🤖 AI Summary
To address geometric distortions and occlusion inconsistencies—two prevalent artifacts in video generation arising from static scene modeling—this paper introduces GeCo, a differentiable geometric consistency metric. GeCo jointly detects both artifacts by integrating residual optical flow with monocular depth priors and performing differentiable geometric reprojection to generate dense, interpretable consistency maps. Its key innovation lies in enabling training-free, model-agnostic guided optimization without fine-tuning or architecture-specific adaptation—overcoming limitations of prior methods that require model-specific tuning or parameter updates. Extensive evaluation across multiple state-of-the-art video generation models demonstrates that GeCo significantly suppresses geometric distortions and improves both geometric fidelity and spatiotemporal coherence of generated videos.

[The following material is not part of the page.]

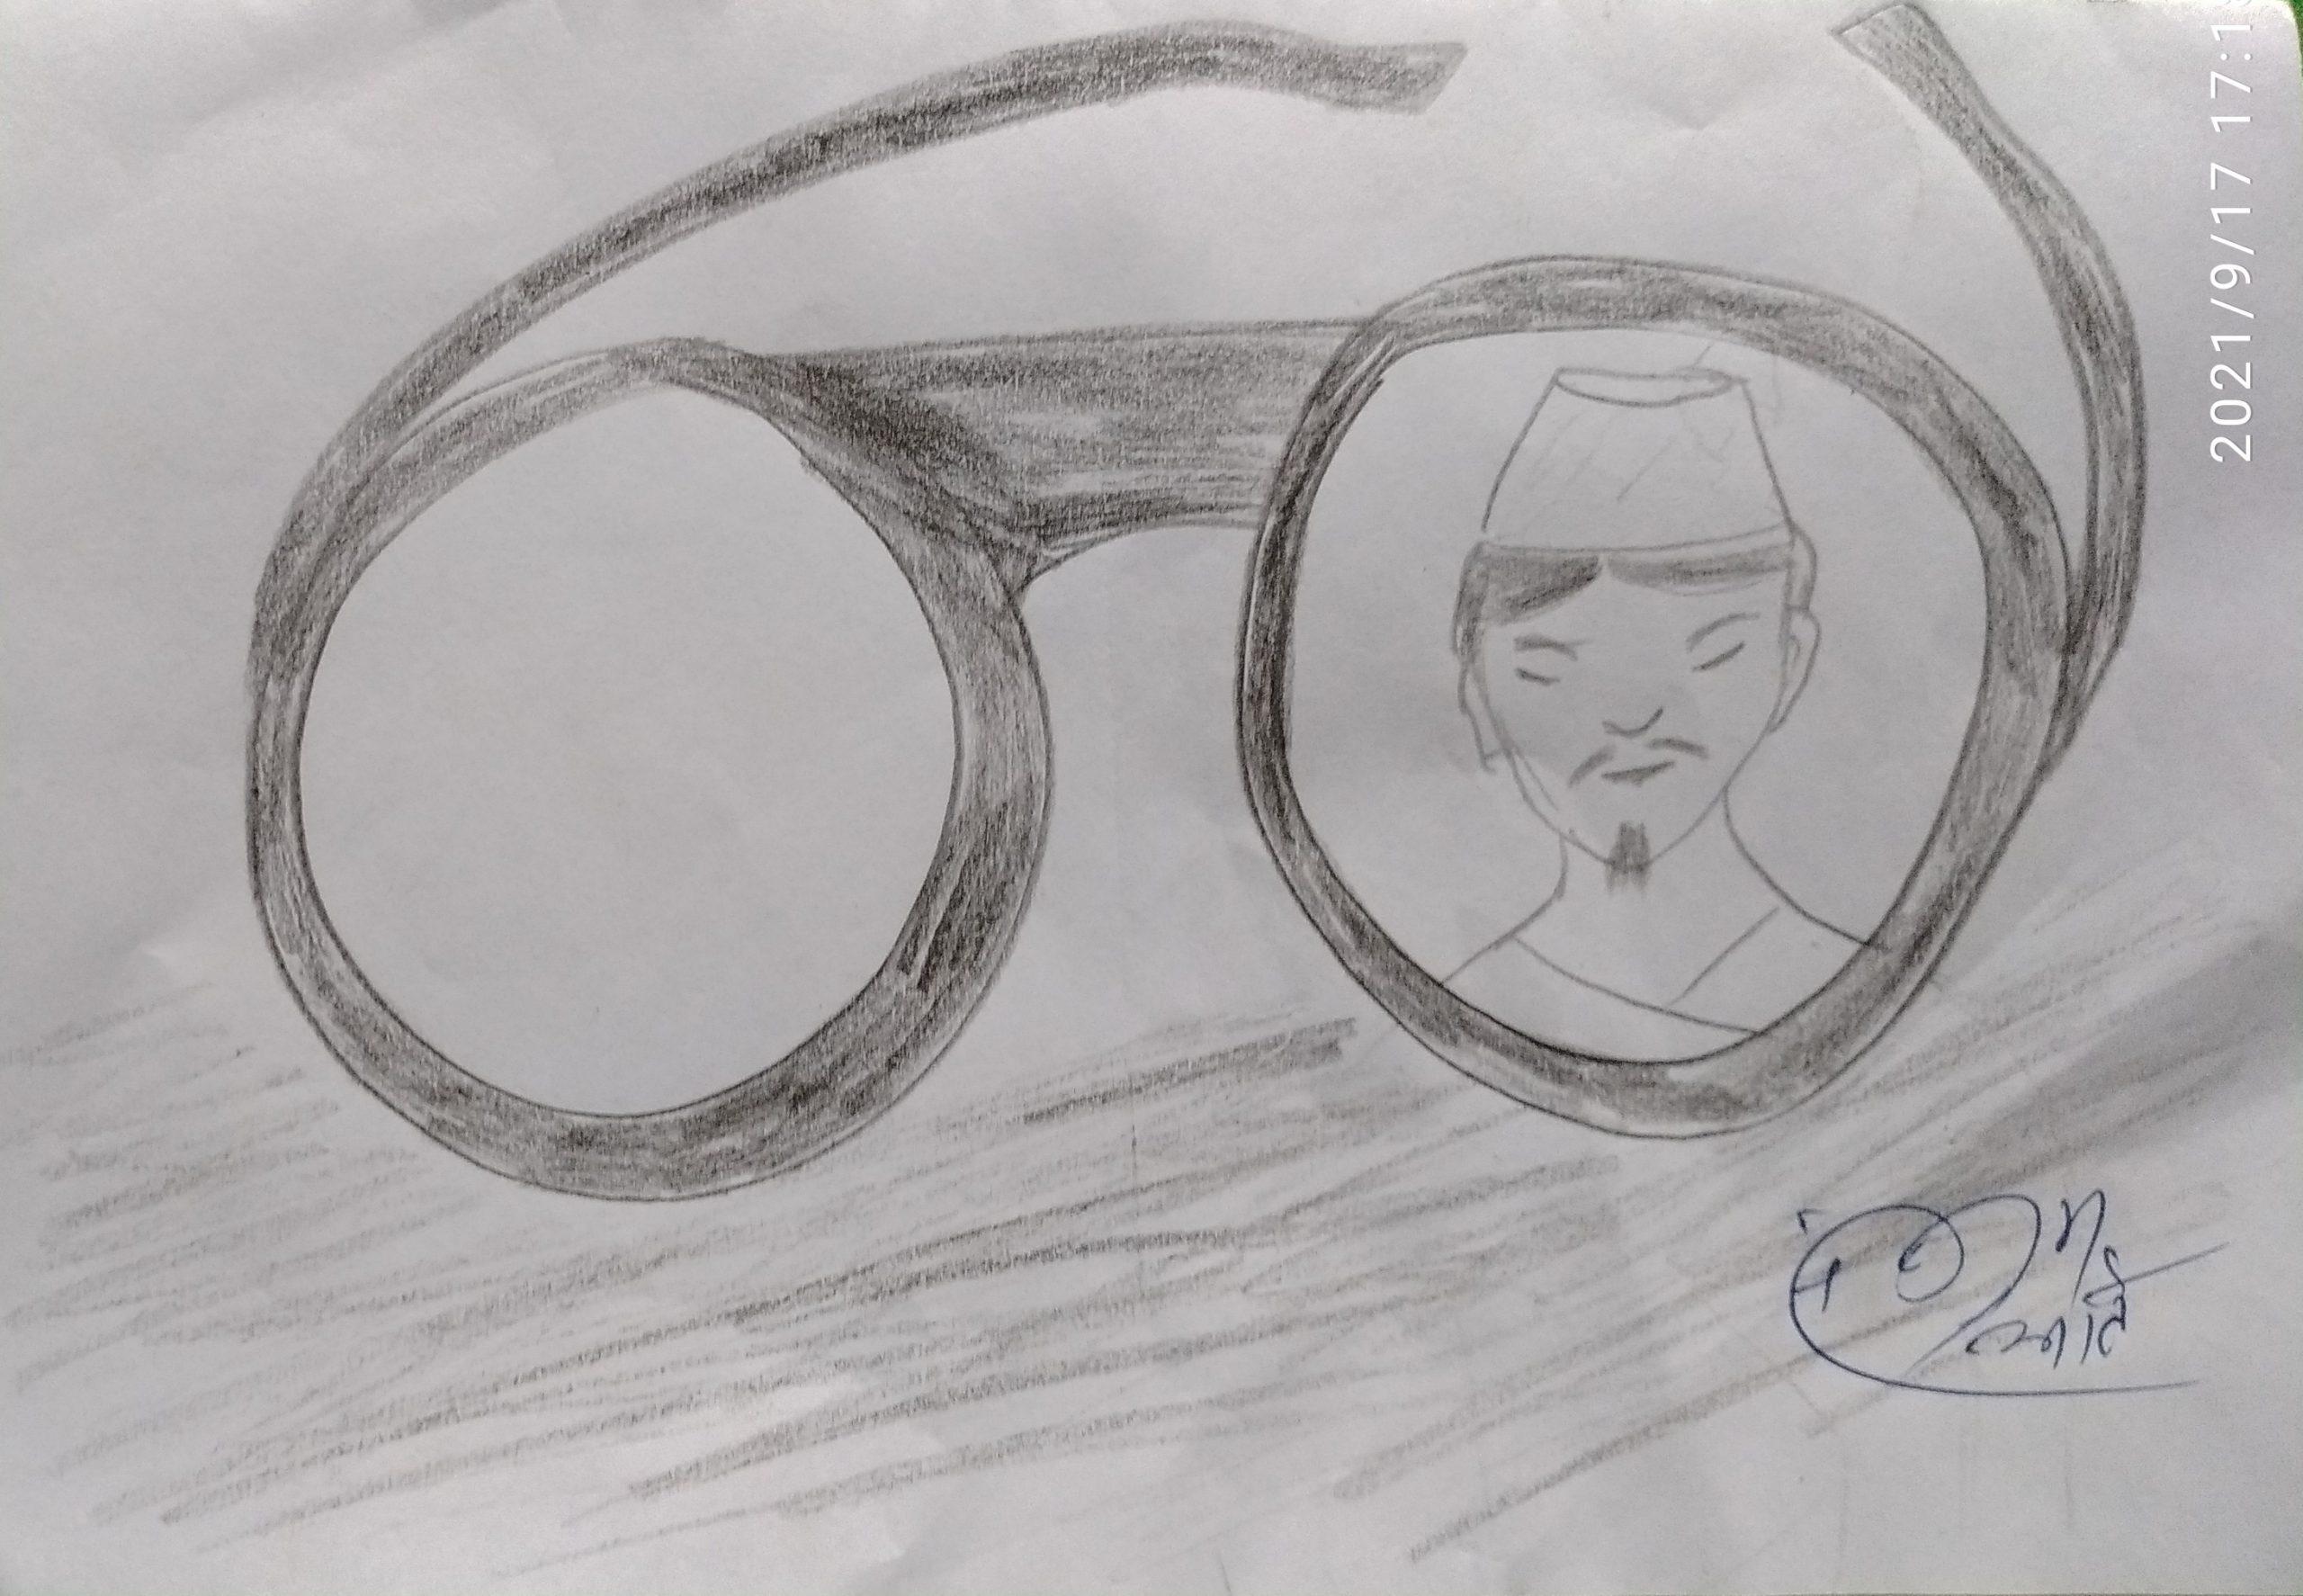 बाबक् चस्मा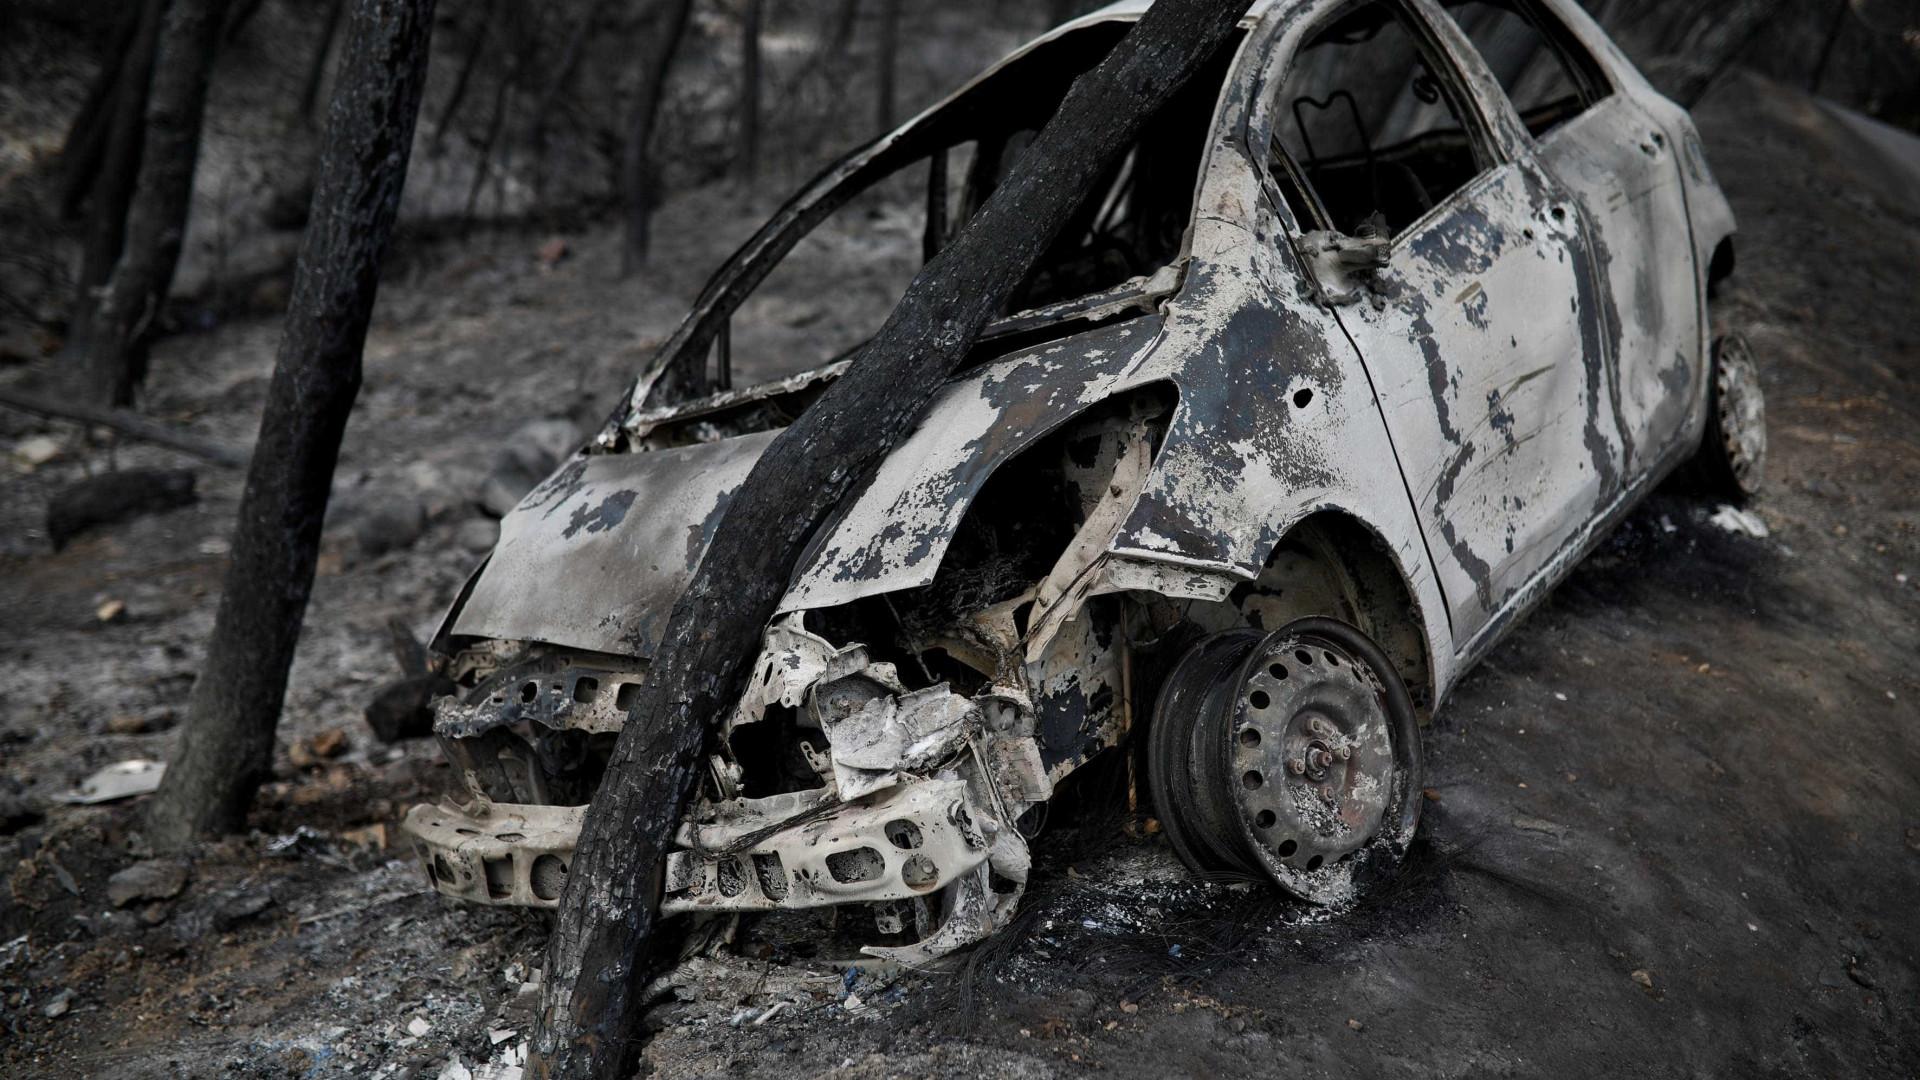 Suposto golpe do seguro de carro provocou incêndio em reserva no Rio

By providing a general-purpose, plug-and-play metric for post-hoc analysis and optimization, GeCo establishes a new paradigm for universal video generation refinement.
📝 Abstract
We introduce GeCo, a geometry-grounded metric for jointly detecting geometric deformation and occlusion-inconsistency artifacts in static scenes. By fusing residual motion and depth priors, GeCo produces interpretable, dense consistency maps that reveal these artifacts. We use GeCo to systematically benchmark recent video generation models, uncovering common failure modes, and further employ it as a training-free guidance loss to reduce deformation artifacts during video generation.